Pilate's date and place of birth are unknown. Fortingall in Perthshire, Scotland; Tarraco (now Tarragona) in Spain, and Forchheim and its suburb Hausen in Germany have all developed local legends. The author of the Encyclopaedia Britannica 1911 article noted that Pontius suggested a Samnite origin—among the Pontii—and his cognomen Pileatus, if it derived from the pileus or cap of liberty, descent from a freedman. He is commonly believed to be descended from Gaius Pontius, a Samnite General.
Titles and duties
Pontius Pilate's title was traditionally thought to have been procurator. Tacitus speaks of him as such. However, an inscription on a limestone block — apparently a dedication to Tiberius Caesar Augustus — that was discovered in 1961 in the ruins of an amphitheater called Caesarea Maritima refers to Pilate as "Prefect of Judea". Archaeologists believe it to be genuine and settles the argument about the historicity of Pontius Pilate. (See Pilate Stone).
The title used by the governors of the region varied over the period of the New Testament. When Samaria, Judea and Idumea were first amalgamated into the Roman Iudaea Province, from 6 to the outbreak of the First Jewish Revolt in 66, officials of the Equestrian order (the lower rank of governors) governed. They held the Roman title of prefect until Herod Agrippa I was named King of the Jews by Claudius. After Herod Agrippa's death in 44, when Judaea reverted to direct Roman rule, the governor held the title procurator. When applied to governors, this term procurator, otherwise used for financial officers, connotes no difference in rank or function from the title known as prefect. Contemporary archaeological finds and documents such as the Pilate Inscription from Caesarea attest to the governor's more accurate official title only for the period 6 through 44: prefect. The logical conclusion is that texts that identify Pilate as procurator are more likely following Tacitus or are unaware of the pre-44 practice.
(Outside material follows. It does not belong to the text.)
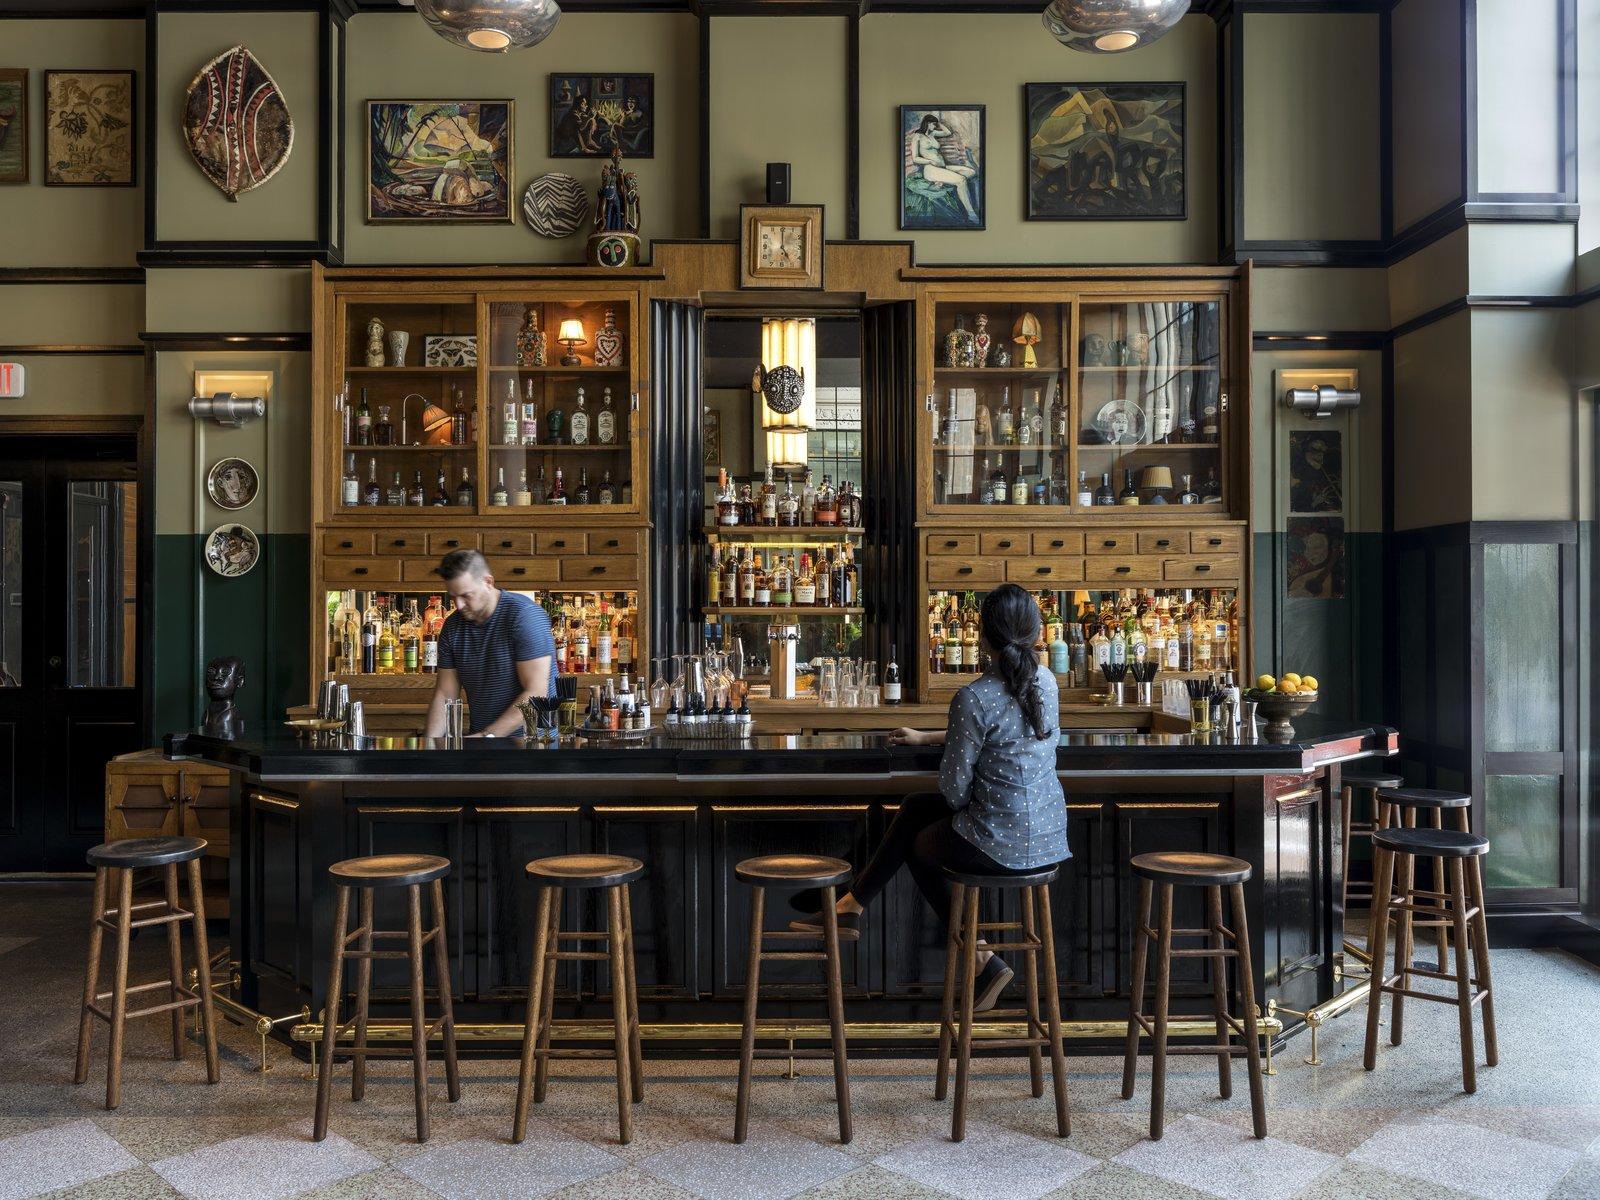 #acehotel #neworleans #louisiana #hospitality #classic #modern  Photo courtesy of Ace Hotel, New Orleans  Ace Hotel, New Orleans

The procurators' and prefects' primary functions were military, but as representatives of the empire they were responsible for the collection of imperial taxes, and also had limited judicial functions. Other civil administration lay in the hands of local government: the municipal councils or ethnic governments such as — in the district of Judea and Jerusalem — the Sanhedrin and its president the High Priest. But the power of appointment of the High Priest resided in the Roman legate of Syria or the prefect of Iudaea in Pilate's day and until 41. For example, Caiaphas was appointed High Priest of Herod's Temple by Prefect Valerius Gratus and deposed by Syrian Legate Lucius Vitellius. After that time and until 66, the Jewish client kings exercised this privilege. Normally, Pilate resided in Caesarea but traveled throughout the province, especially to Jerusalem, in the course of performing his duties. During the Passover, a festival of deep national as well as religious significance for the Jews, Pilate, as governor or prefect, would have been expected to be in Jerusalem to keep order. He would not ordinarily be visible to the throngs of worshippers because of the Jewish people's deep sensitivity to their status as a Roman province.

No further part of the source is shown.